INFORMATION SUPPLIED ▸
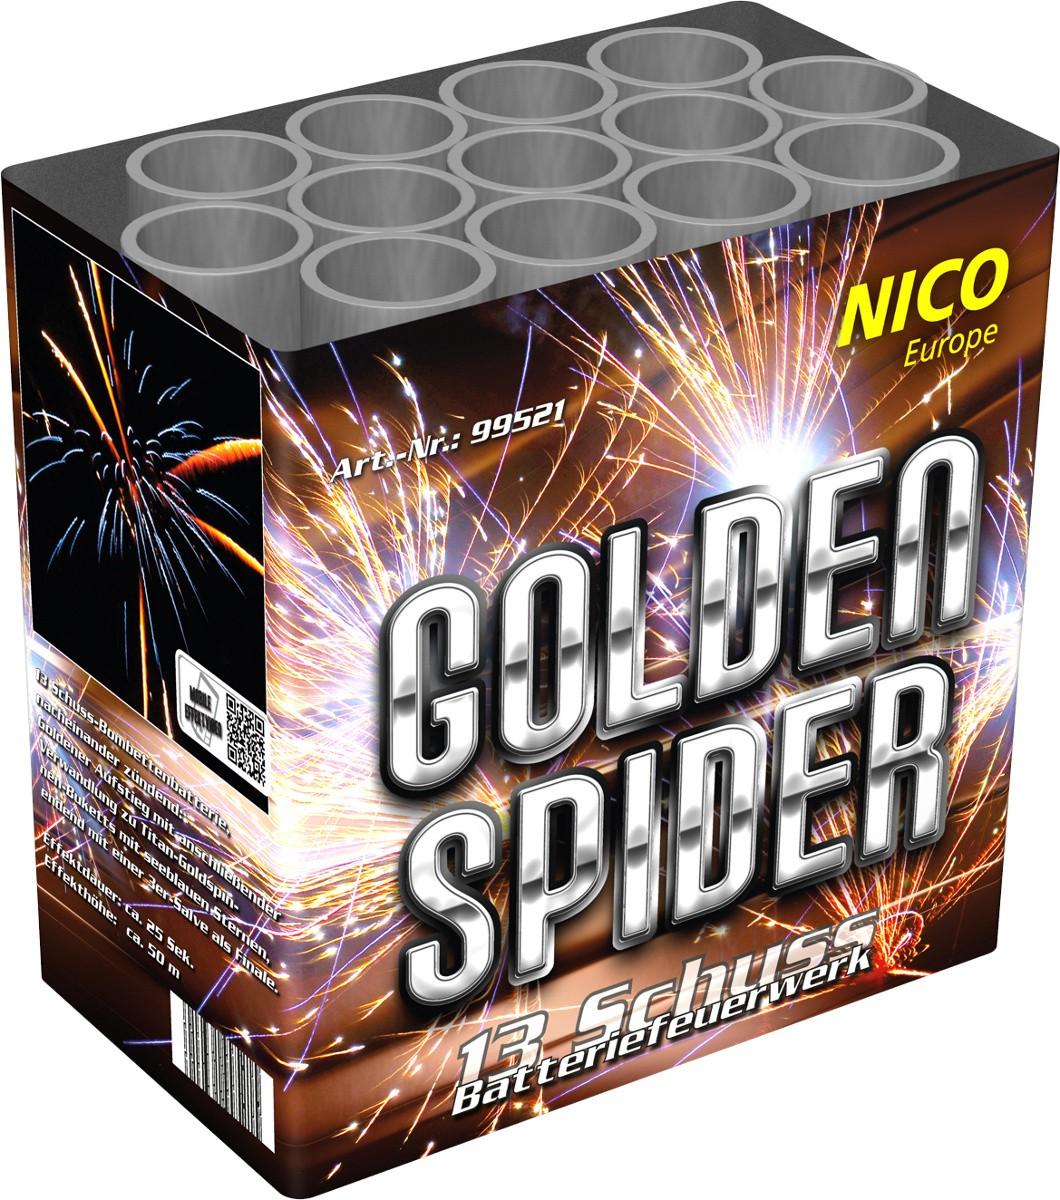 Feuerwerk Batterie Golden Spieder 13 Schuss
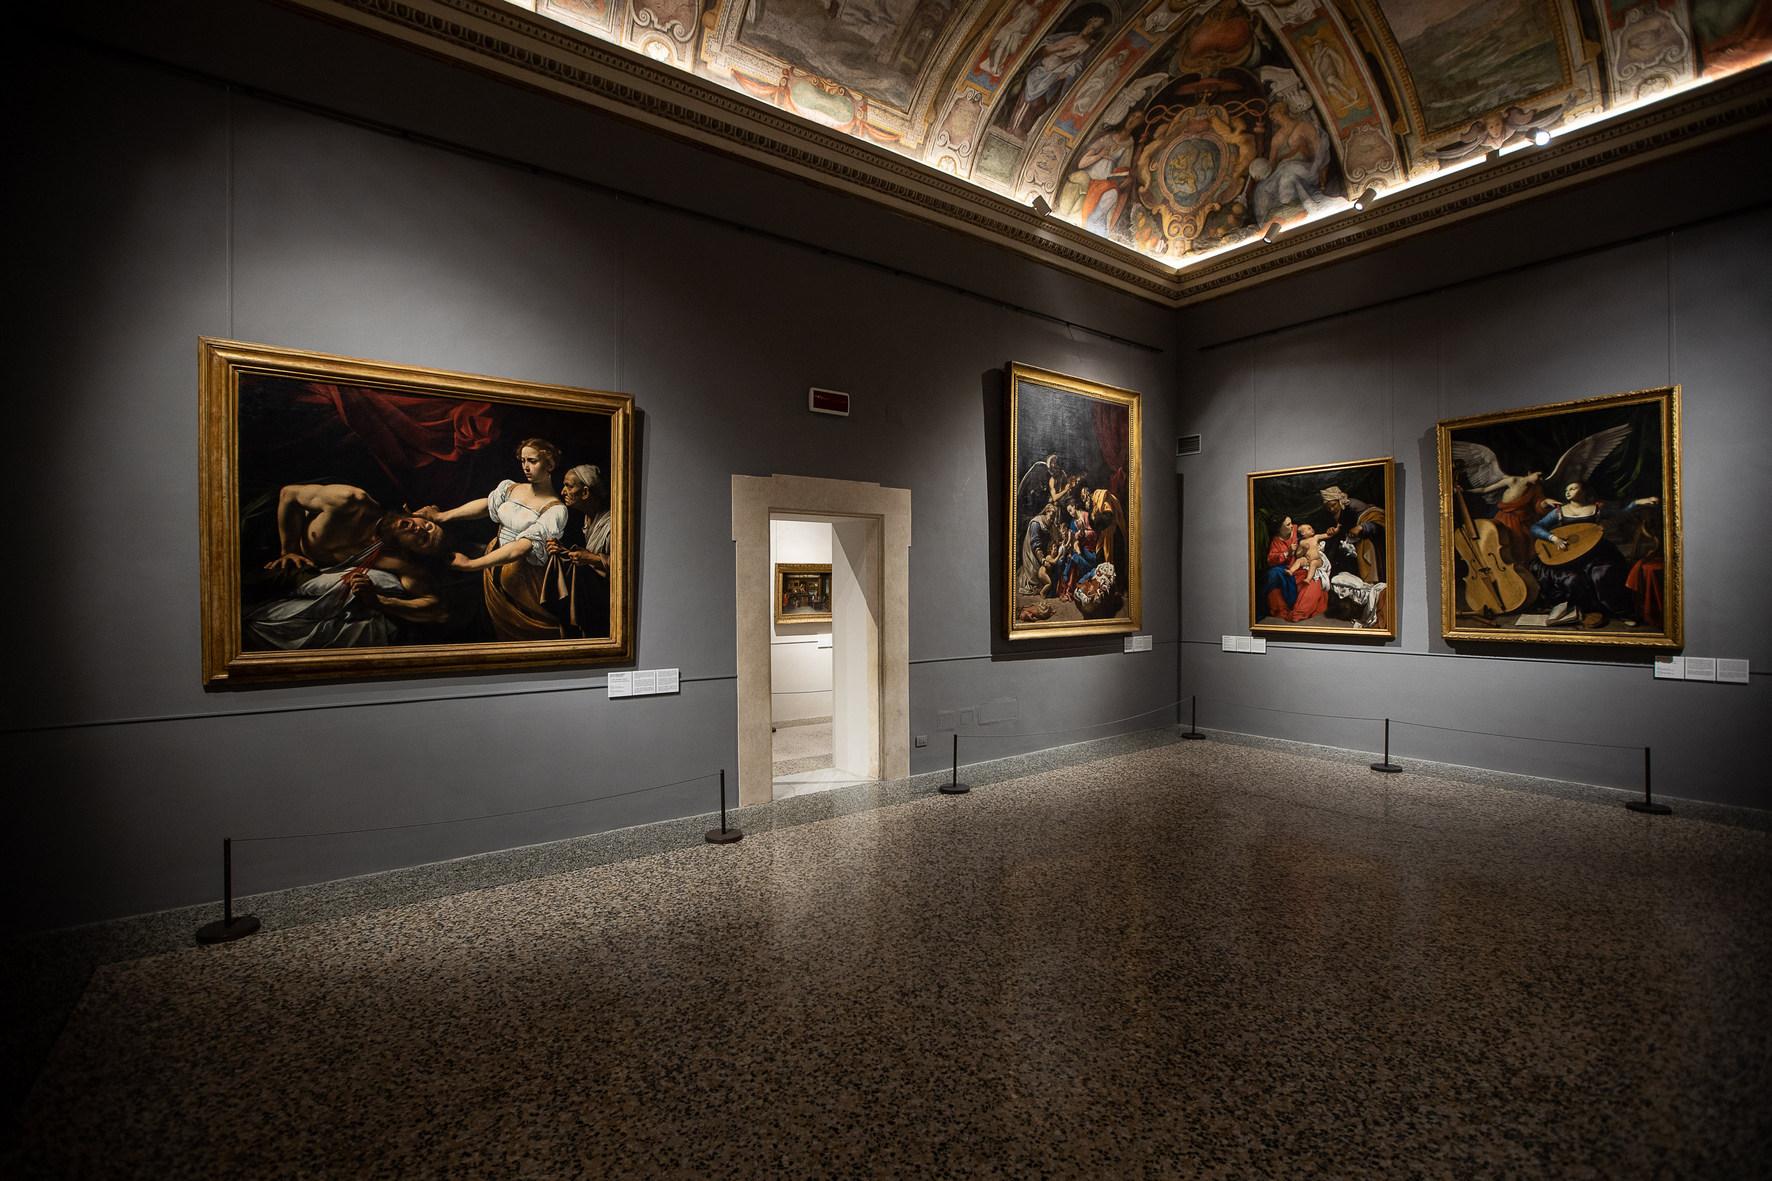 Gallerie Nazionali Arte Antica, Palazzo Barberini, Sala Caravaggio, Foto Alberto Novelli
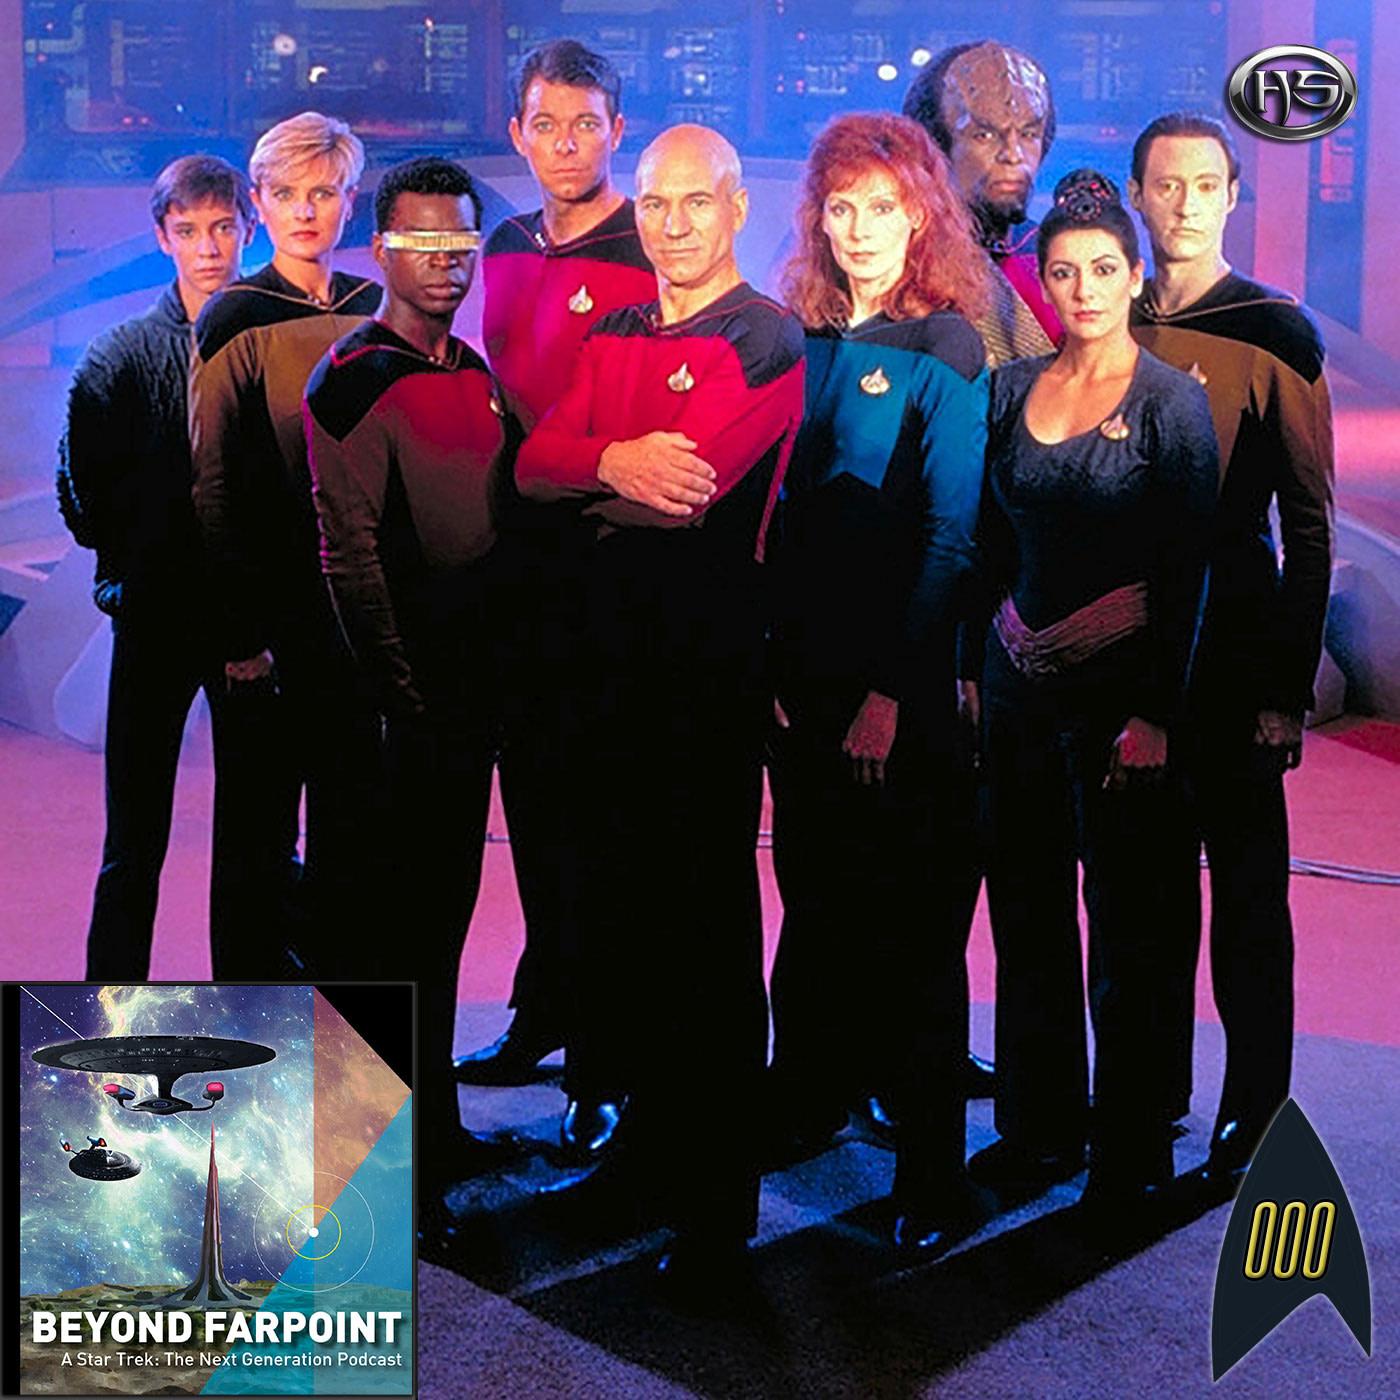 Beyond Farpoint Episode 0

BRIEF ▸ The lines to write out run from the one containing "Gallerie Nazionali Arte" through the final line of the material above, both included; write them out exactly, with no pictures.

COMPLETED TASK ▸
 Gallerie Nazionali Arte Antica, Palazzo Barberini, Sala Caravaggio, Foto Alberto Novelli
 Beyond Farpoint Episode 0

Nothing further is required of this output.